Unfortunately, not only is the new system as exploitative in its way as the old but it turns out that while the Craft can provide impressive short term growth it does not offer the same kind of long term sustainability divine magic did. This problem is more obvious to Dresediel Lex because it is more dependent on a fragile infrastructure than other cites but, really, the only difference is timing. All cities are artificial constructs that require constant upkeep and will have to either deal with the issues facing Dresediel Lex or collapse.

Why not let it all crumble, you ask? Because cities are wealth-and-culture generators. Without the cities, most people would die and the survivors would be abjectly poor, backward rustics of the sort who tried to lynch Tara in the first book.

My one quibble is that due to the author’s decision to make this a secondary world cribbing heavily from ours the name the protagonist’s mom hung on him to indicate modernity and rejection of the old, cruel ways is in our world an Old World one, Hebrew in origin but popular with Christian groups like the Puritans. I don’t care for the subtext, although I understand why it was a convenient shorthand.

It’s possible that Gladstone (or Caleb’s mom) picked “Caleb” because one meaning of Caleb is “faithful”; given his dad’s former occupation, that’s actually pretty funny.

It might seem to some readers Gladstone intends some kind of parallel between the Craft versus the Gods on side and late period capitalism versus the grand social structures of the middle part of the 20th century on the other. I can see it if I squint but the fact that the King in Red is actually worried that he is steering his city off a cliff distinguishes him from the clear-eyed visionaries of our world; they would not hesitate to consign the Earth to certain doom a few decades down the line if it meant a 2% improvement on the next quarter’s bottom because our ruling classes know the King in Red apparently does not; value on paper of assets that can only be realized far in the future is basically nil.

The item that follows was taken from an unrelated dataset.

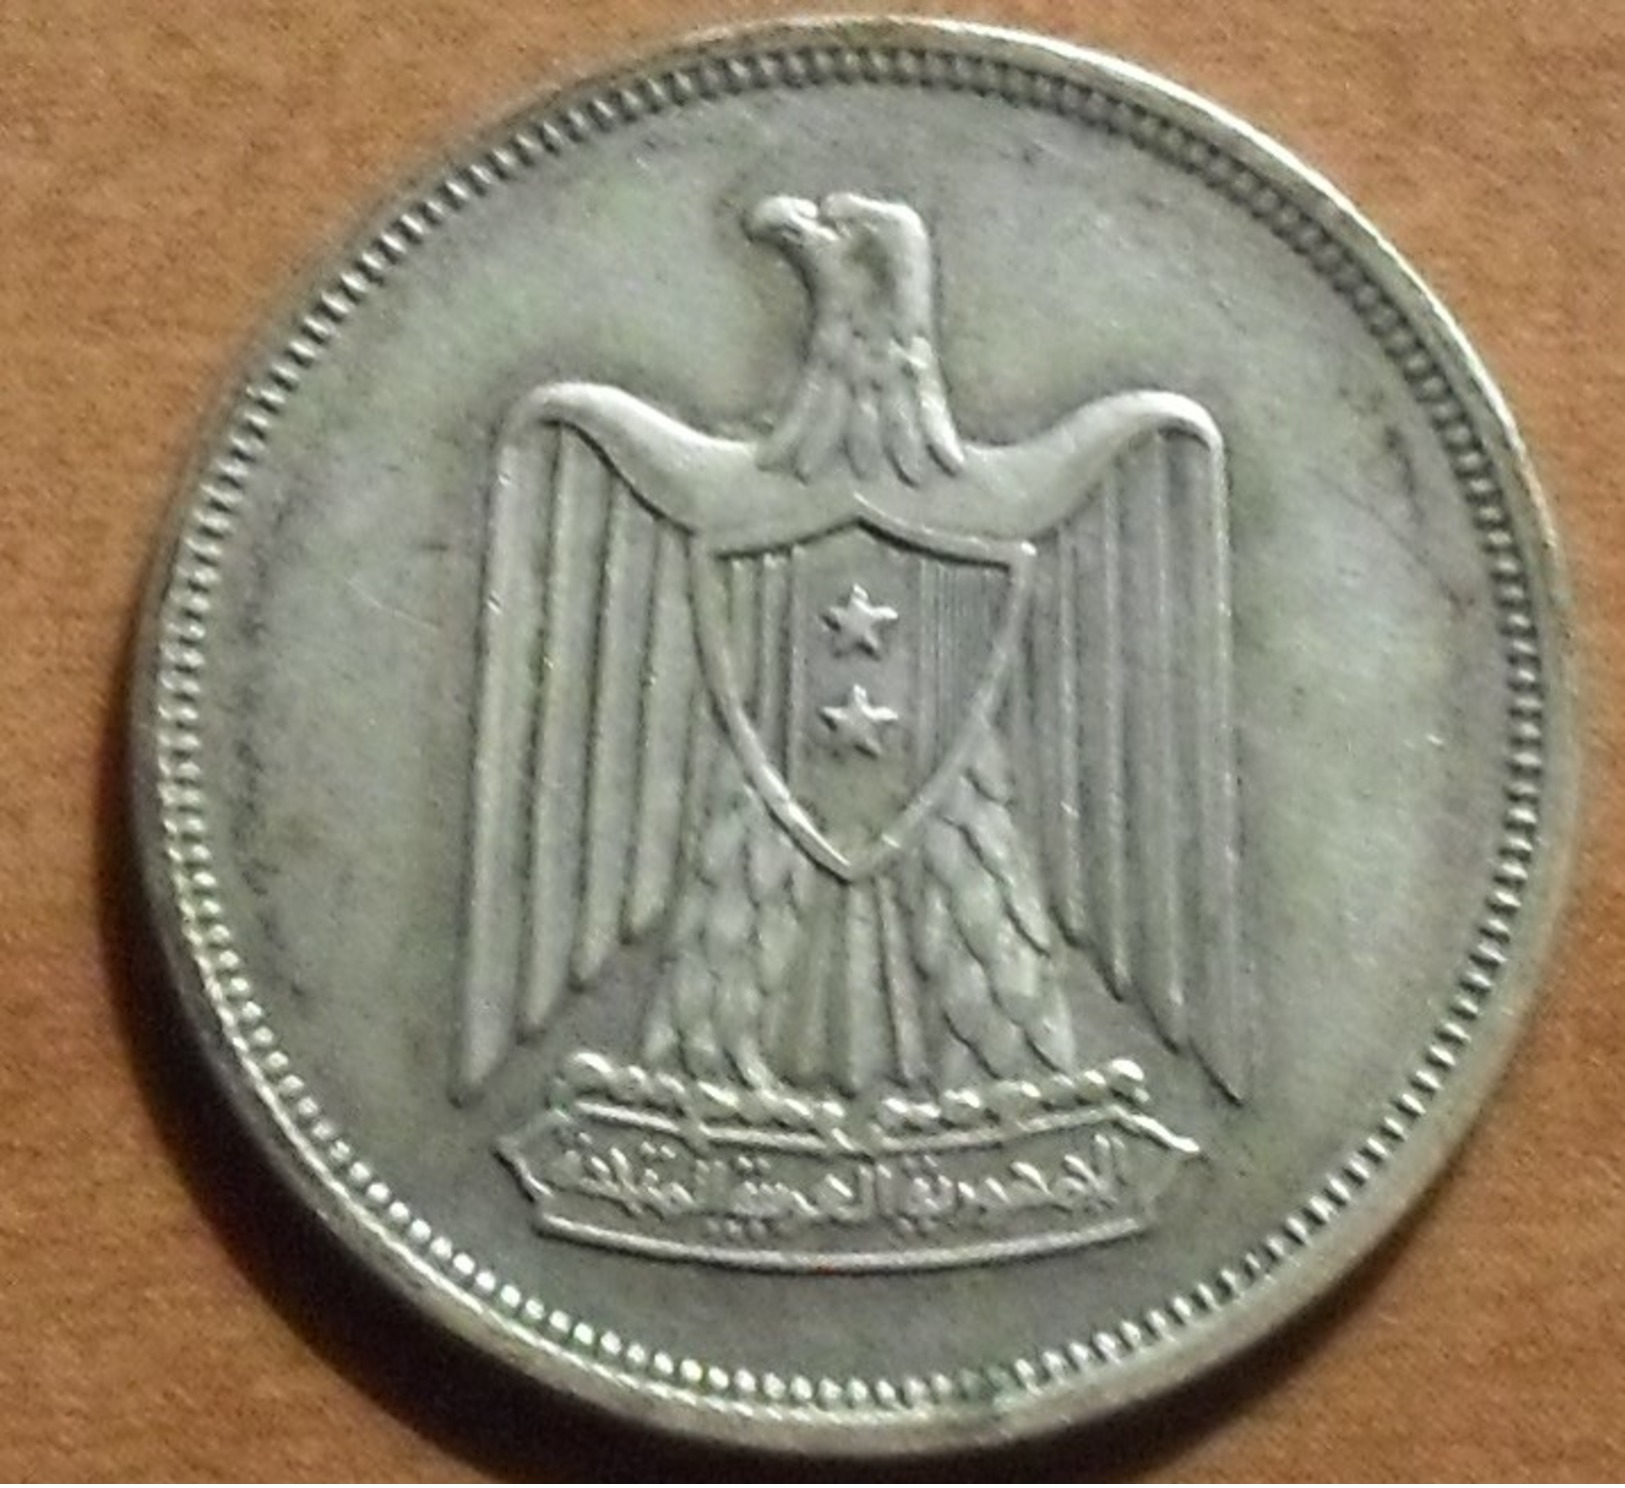 1960 - Egypte - Egypt - 1380 - 10 PIASTRES, Argent, Silver - KM 398 - Egypte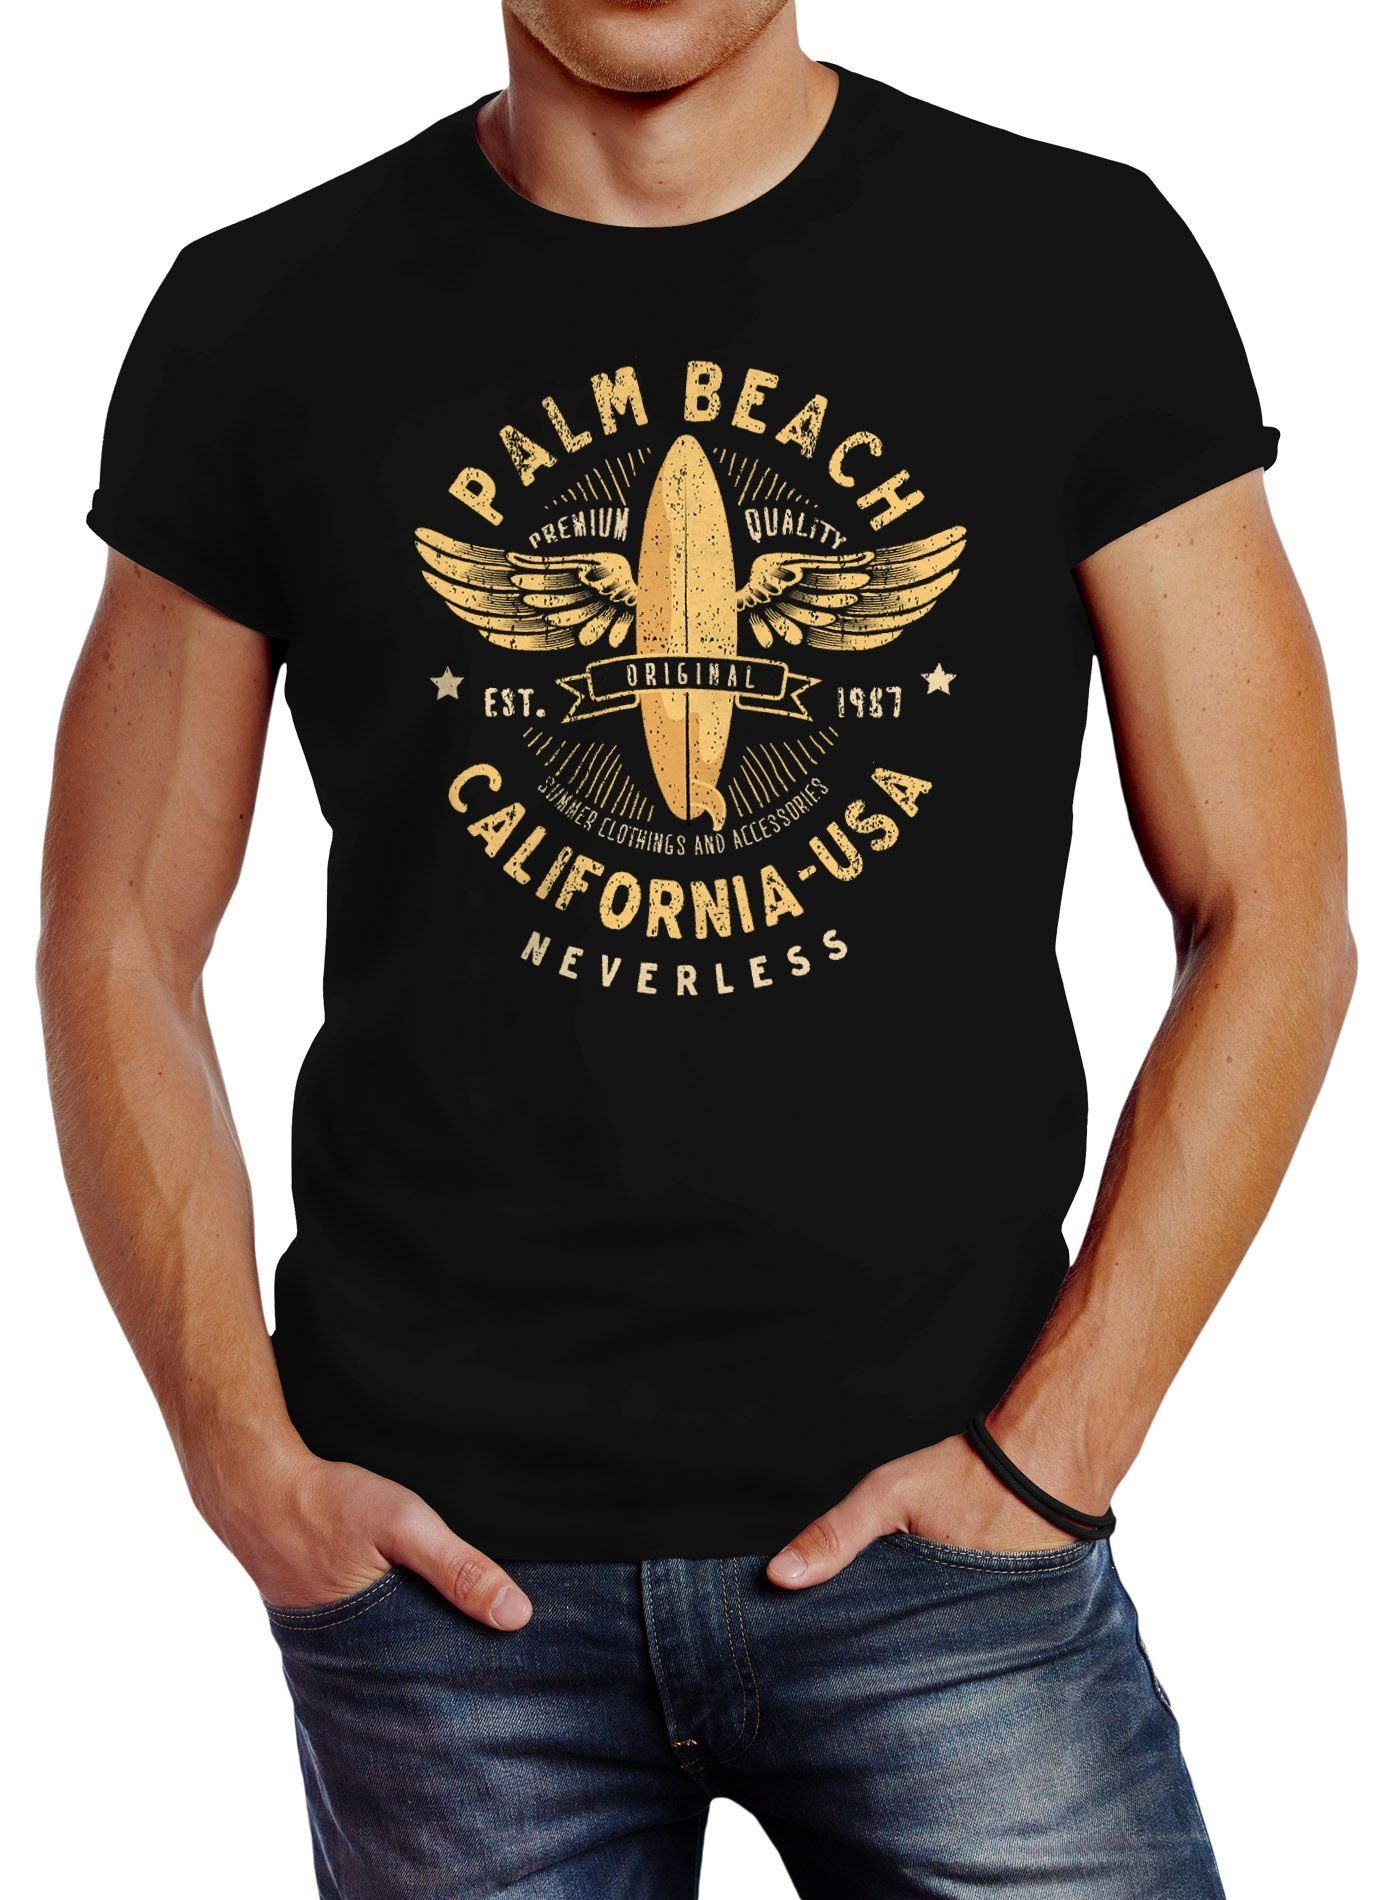 Neverless Print-Shirt Neverless® Herren T-Shirt Surfing Motiv Vintage Effekt Palm Beach California USA Schriftzug Fashion Streetstyle mit Print

[Face-palm] The King in Red’s problem is immortality and the inevitability of living with the consequences of his actions, which blinds him to the benefits of focusing entirely on the short-term. Short of killing the poor guy, I don’t know how to fix that.

Caleb’s dad is a nice mixture of complete monster and doting dad, happy to cut the heart out of one of Caleb’s closest friends when he deems it necessary while simultaneously being genuinely concerned about in his son’s love life.

Caleb himself wasn’t as interesting as his supporting cast for some reason (and I note it’s Caleb’s Gay Best Friend Teo, who I have completely failed to mention, who shows up in the next book, not Caleb). I think for the plot to work Caleb has to be just a little bit thick in very specific ways while the other characters are in roles that allow them more freedom.

This was as solid as the first book and as entertaining. Like the first book it borrows heavily from mystery and thriller conventions, particularly bit in noir where – but that’s a spoiler. Like Three Parts Dead it works as a stand-alone but in conjunction with Three Parts Dead you can begin to see Gladstone’s greater design; I recommend reading as many of the books as you can track down before entirely reasonable investment strategies leave the Earth a lifeless husk.


  1. There are moments in this books where I wonder how, even with the gods and the Craftsfolk, humans survived for any length of time in this world.